Whatever you do, don't click here and read the article. Yes, it's by some idiot blogger who thinks he knows what he's talking about. But by the time I got to "Jews are slow to anger. They were too slow in Germany in the 1930's. Having learned their lesson, they react to atrocities a bit faster in the present decade" I was about ready to lose it. The guy suggests, boldly, that had the Jews been a people more quick to anger, maybe they wouldn't have let themselves be gassed and thrown in the ovens. Brilliant, man. Just brilliant. This coming from a guy who wants to "clear up" things for the world about what Jews are and what they aren't. My day was going so well until this guy came along. Sigh.
[EDIT:] OK, after posting this I had to say something else. It wasn't about Jews being slow to anger during the 30s and 40s. What did they have to be angry about initially? Nothing. New leaders come and go. Anti-Jewishness isn't new. When they started moving Jews into ghettos and shipping them off to camps, perhaps they had a reason to worry, but to be angry? I don't know. When Jews were being gassed and burned in ovens, Jews did get angry. There were uprisings. There were escape plans. There were fighters. There was resistance. But pure anger is not what was the driving force, was it? Was it not the desire to life? A thirst for life? And even still, had the Jews been furiously enraged in the 30s when forced to wear armbands, what would it have done? The world ignored the Jews when they were being gassed, who's to say they would have been ignored when expressing anger at their sufferings? This man is a moron. And I am frustrated. I'll stop now.
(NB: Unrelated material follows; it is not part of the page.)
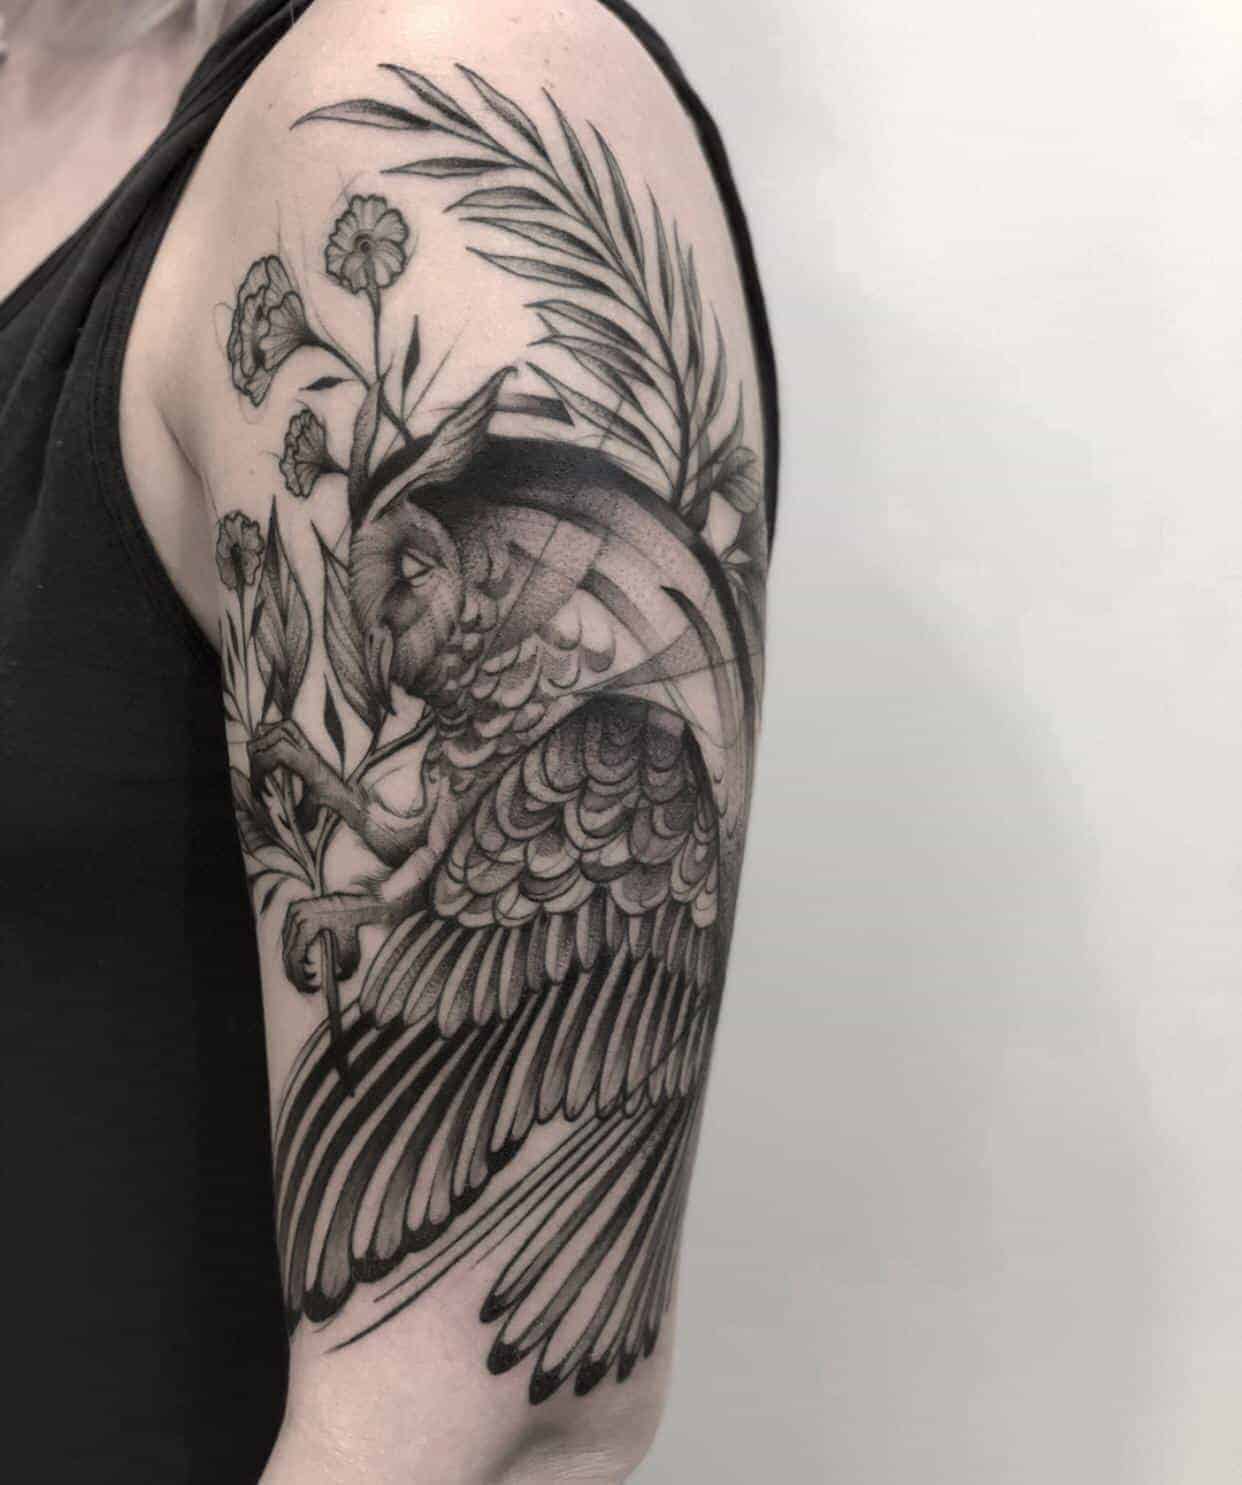 30 Owl Tattoo Ideas To Inspire Your Own

I went to shul this morning. It was the first time I've been in about a month, and though it was difficult to haul my arse out of bed this morning, I'm incredibly glad I did. I met up with four other women from a GLBT group at Temple Micah on Wisconsin (though we didn't meet up until after the services) and interestingly the sermon was about GLBT rights. The Torah service made me long for B'nai Jeshurun back home, Elaine's voice and Rabbi Emanuel's ridiculous connections to Star Trek and other Sci Fi treasures. I missed Oneg and little Ben and meeting up with my friends at shul. But I also felt calm and at ease. After Tisha B'av on Thursday and thinking over how the Temple continued to burn well into the 10th of Av, I needed lightness. How perfect a Torah service than reading the section that gives us the Sh'ma -- the words I recite every morning and evening when rising up and laying down. It's the first thing I intend on teaching my children someday. Singing it to them as they fall asleep. It talks of G-d's oneness, and it echoes in my mind all day. The light coming in the windows and listening to the chanting this morning did me well. Very well.
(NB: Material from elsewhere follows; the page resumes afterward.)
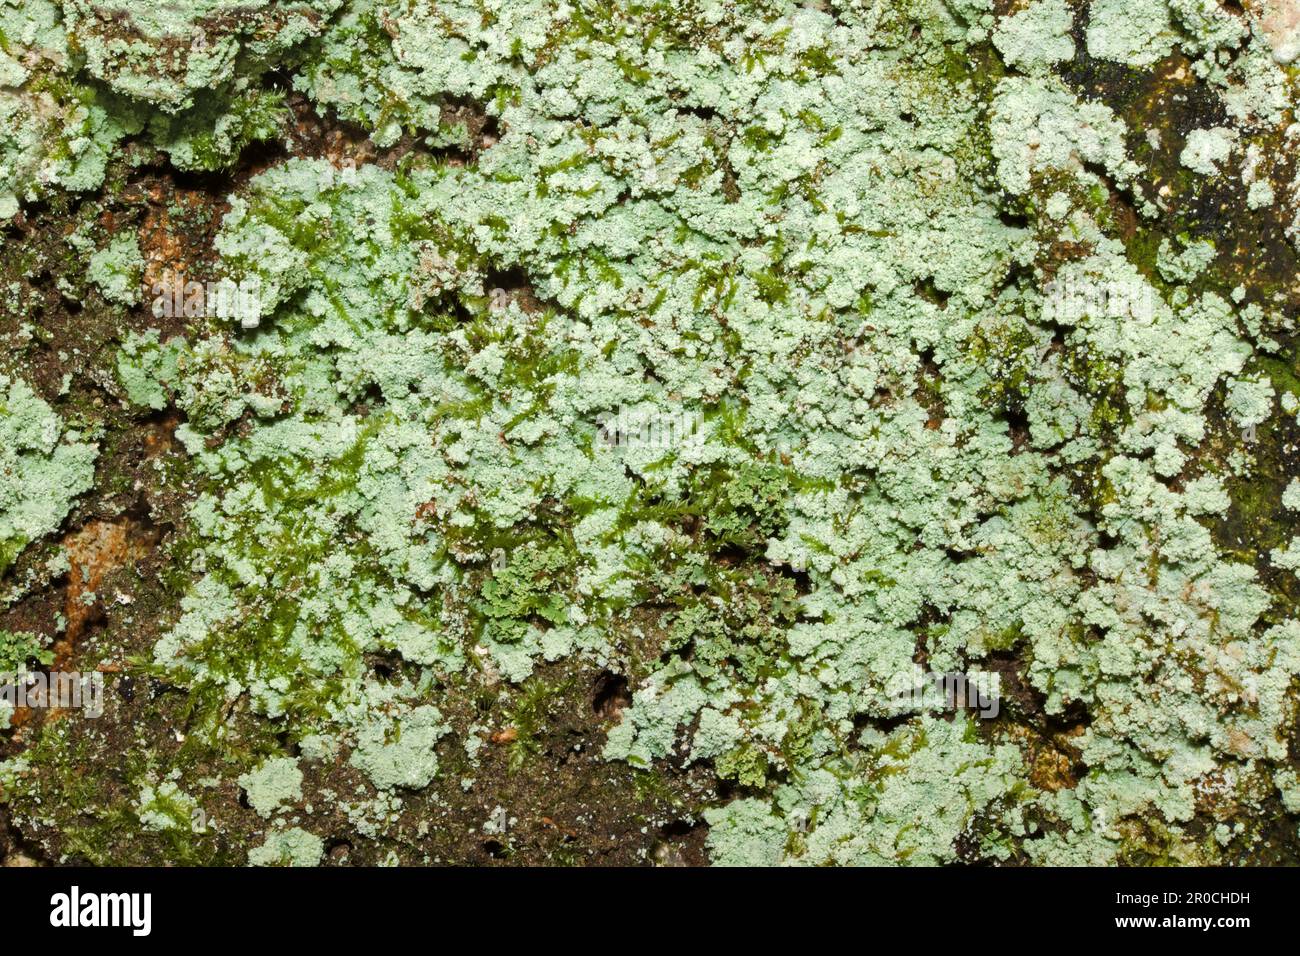 Lepraria incana is a dust lichen found on rock and bark in shady situations. It has a global distribution. Stock Photo

After shul the Jewbians and I went to a deli up on Wisconsin that used to be called "K's New York Deli" and then changed its name and now it's Krupin's Deli (a guy named Morty runs it). It was a busy place and they put pickles on the table in this little tin bowls. The decor is tacky and it feels like you're in Skokie or New York. I passed up cold cuts for a turkey burger and slaw and we all ordered dessert, three of us having poppy seed hamantaschen. Do you know how weird it is to have hamantaschen not on Purim? Very. But it made me think of Alex and his wildly original hamantaschen. This place had knishes, matzo ball soup, Kosher hot dogs, macaroons, kugel ... and ... BLTs. Weird. I definitely plan on going back.
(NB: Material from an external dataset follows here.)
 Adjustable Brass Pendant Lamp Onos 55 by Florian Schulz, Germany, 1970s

So my resolve now is to do some more shul shopping. I think I may take up a seat in some of the conservative shuls in the area and see what happens. It was interesting to hear the women -- all raised conservative -- talk about Reform services. I'd always had my sentiments about Reform services, but I think in Lincoln we had a good balance and lots of dedicated folks. Right now, though, my concern rests in having a place to go for high holy days ... especially since this is a "reserve a ticket" kind of town -- something very, very foreign to the girl whose shul had problems filling all the seats.